** Data section follows **
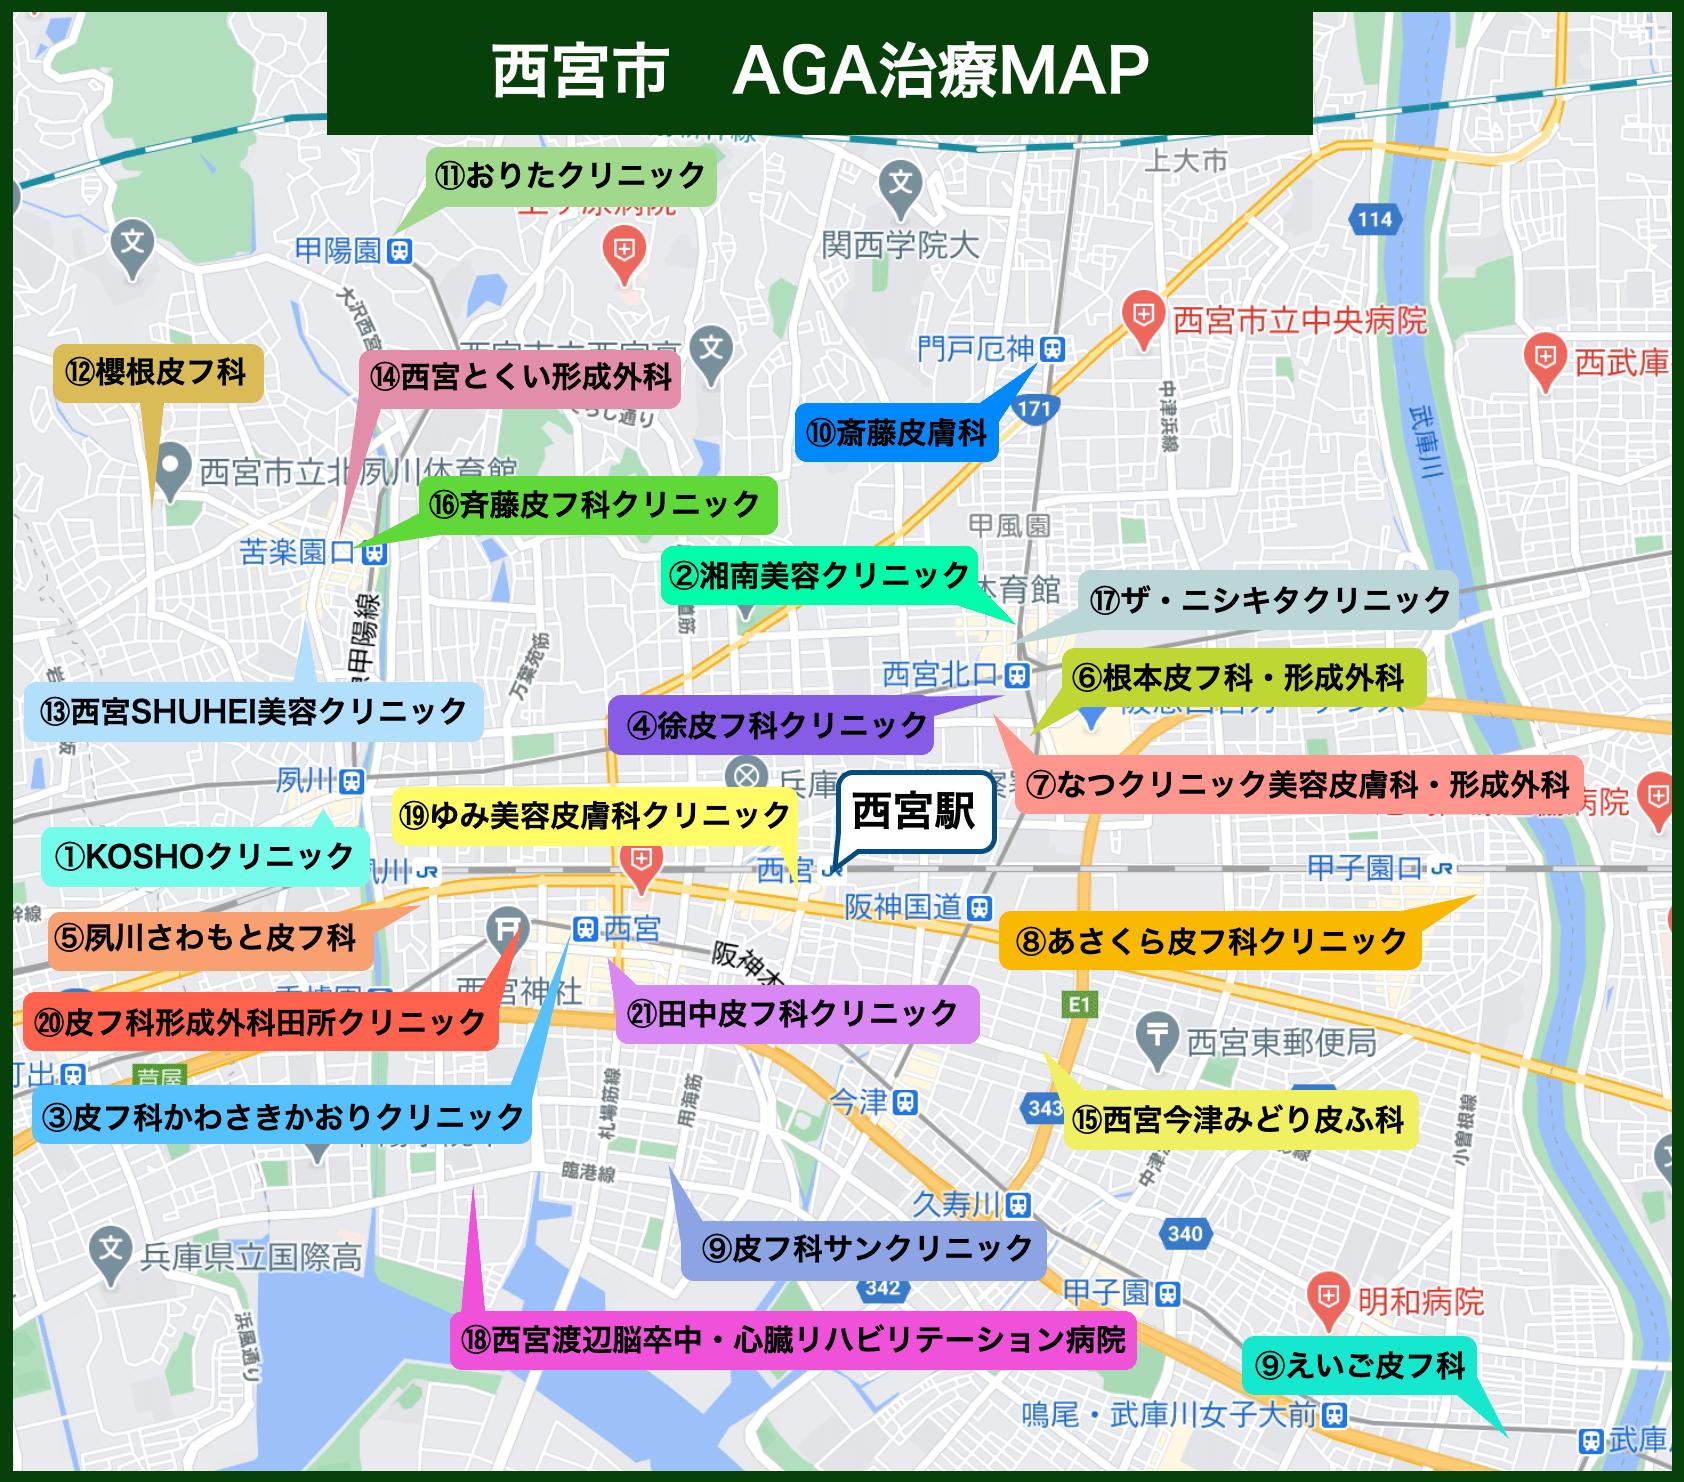 西宮市 AGA治療MAP
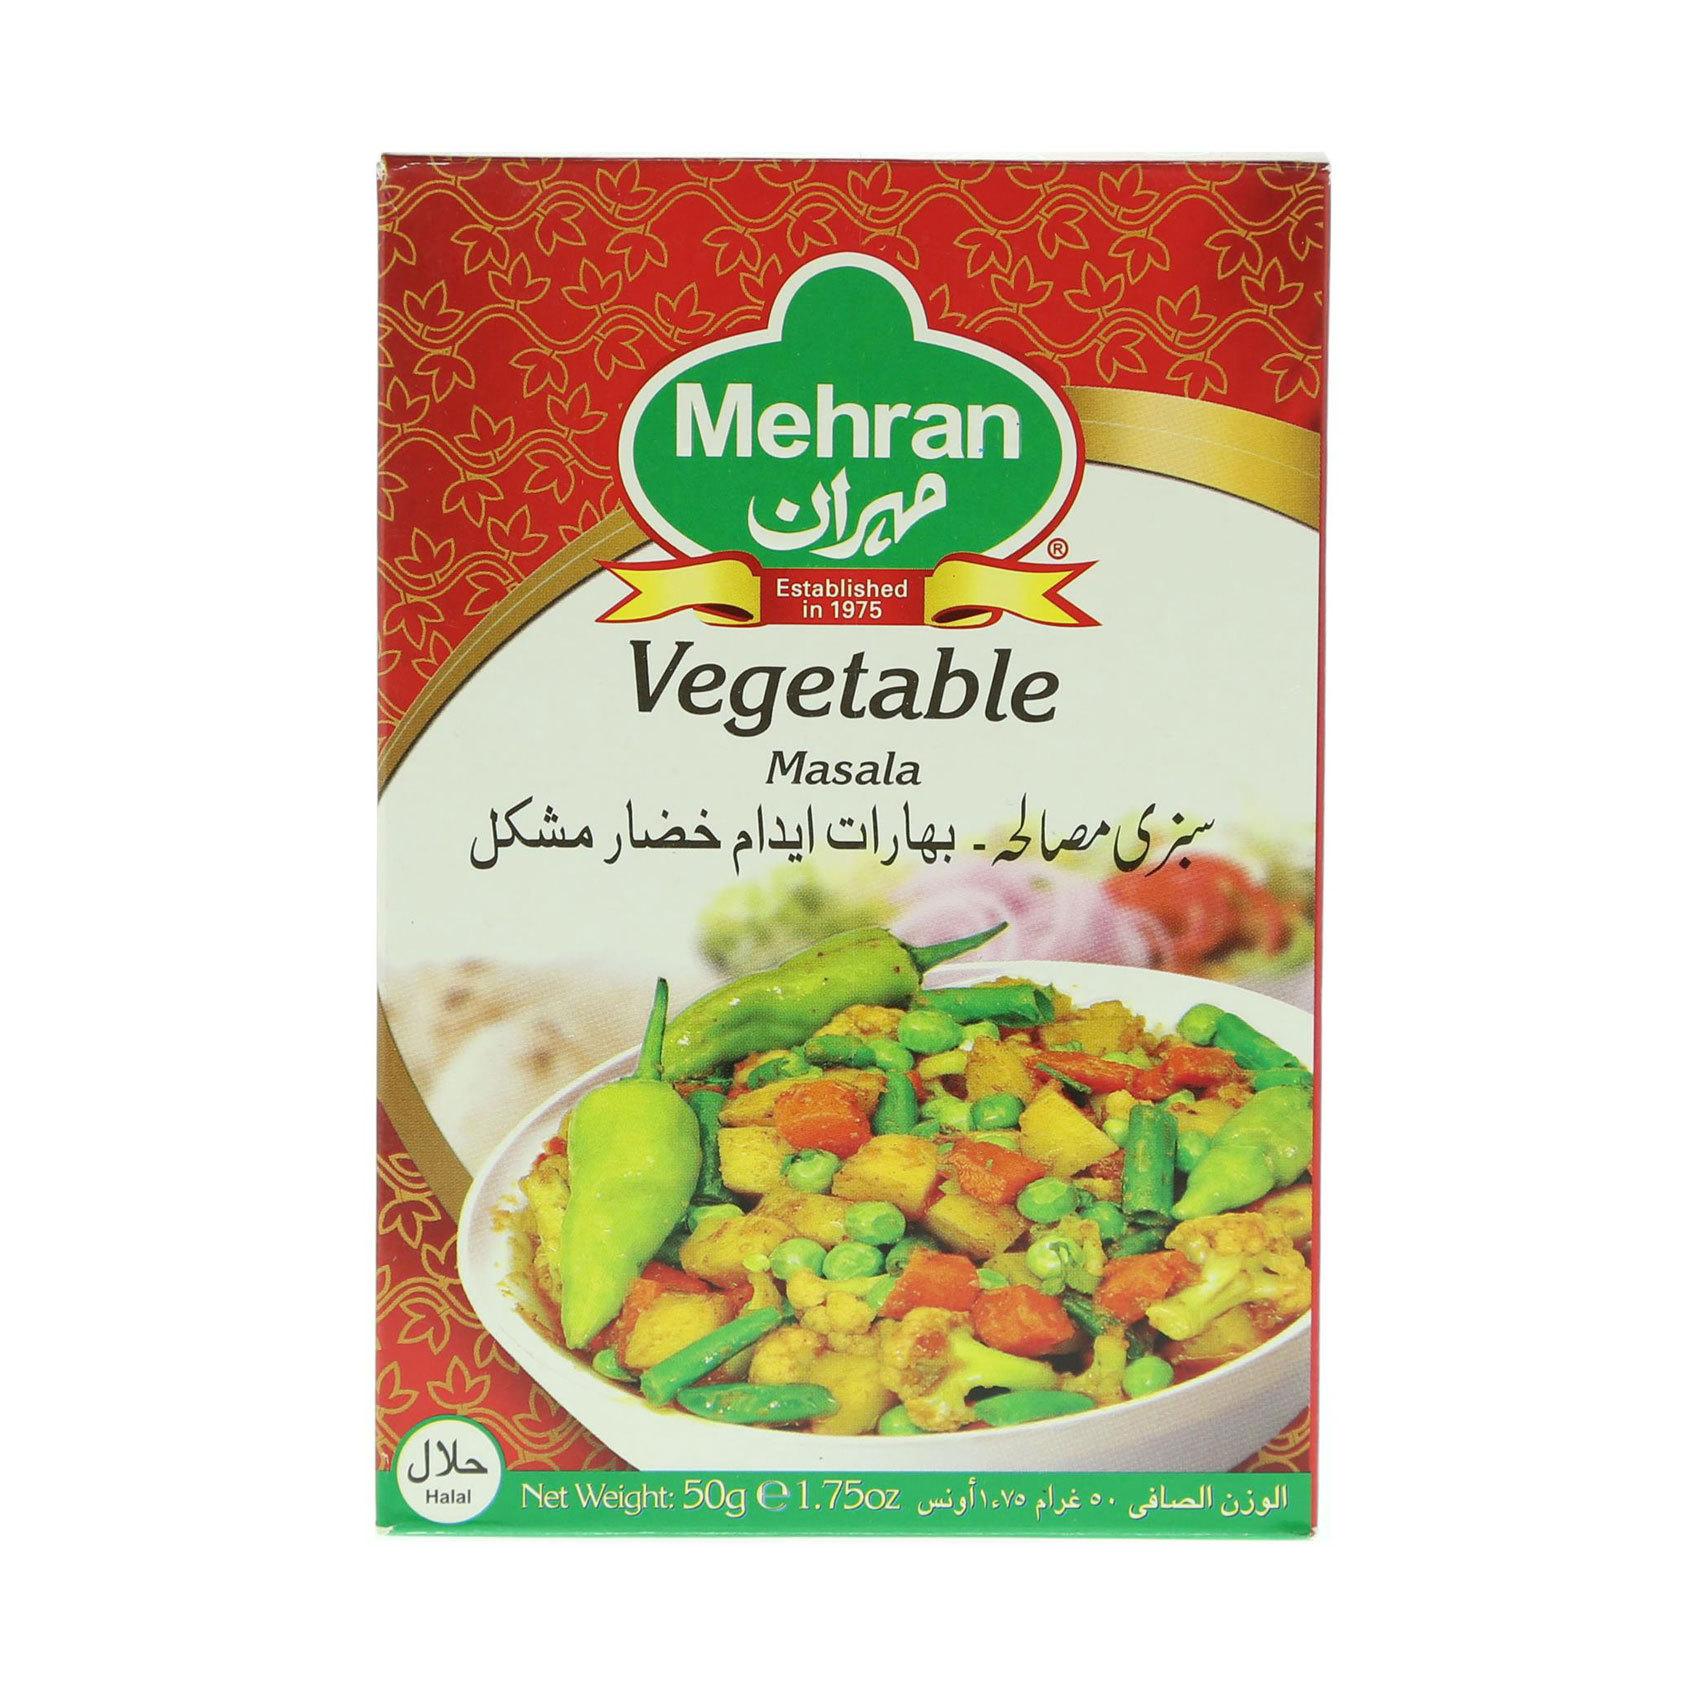 MEHRAN VEGETABLE MASALA POWDER 50GR
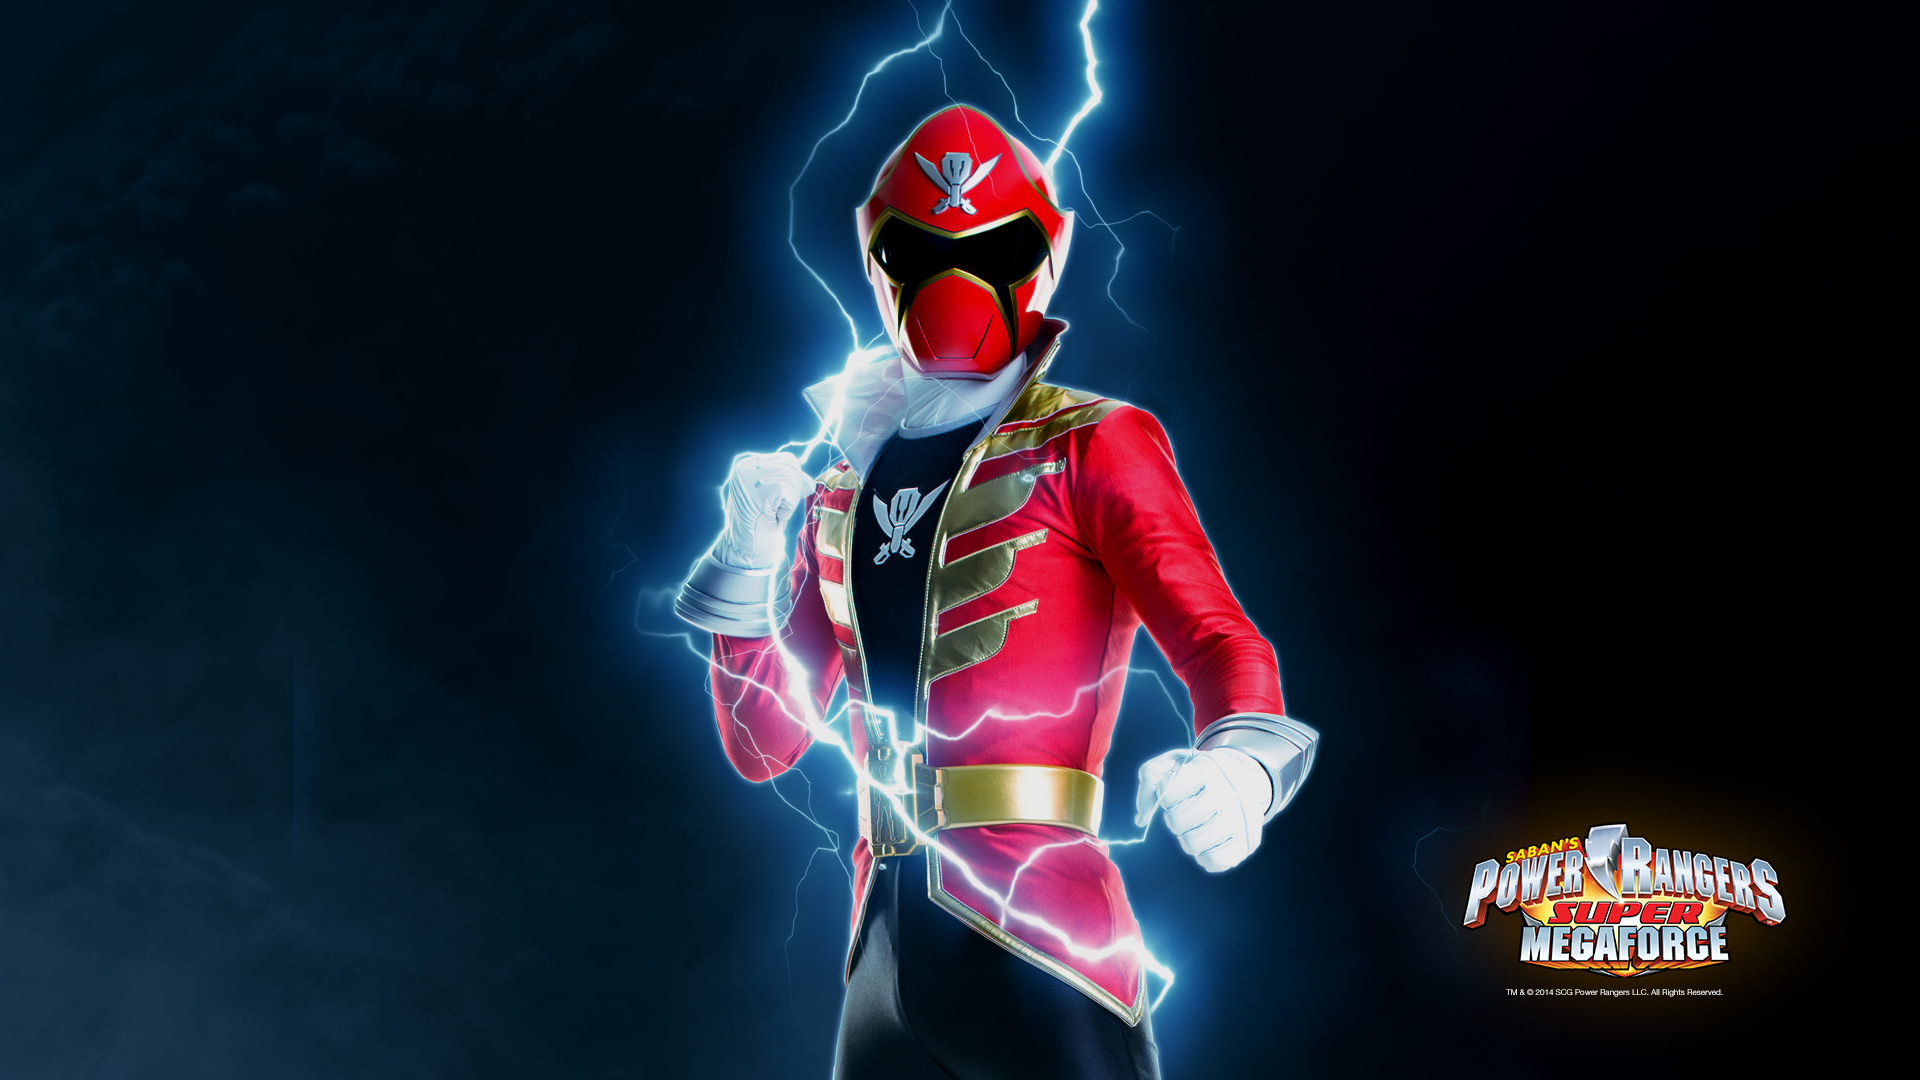 Power rangers super megaforce (3ds1096) download for nintendo.
** End of Data section **
What is expected: Exclude the pictures and print the rest of the data exactly.

Answer for this exercise:
 西宮市 AGA治療MAP
 MEHRAN VEGETABLE MASALA POWDER 50GR
 Power rangers super megaforce (3ds1096) download for nintendo.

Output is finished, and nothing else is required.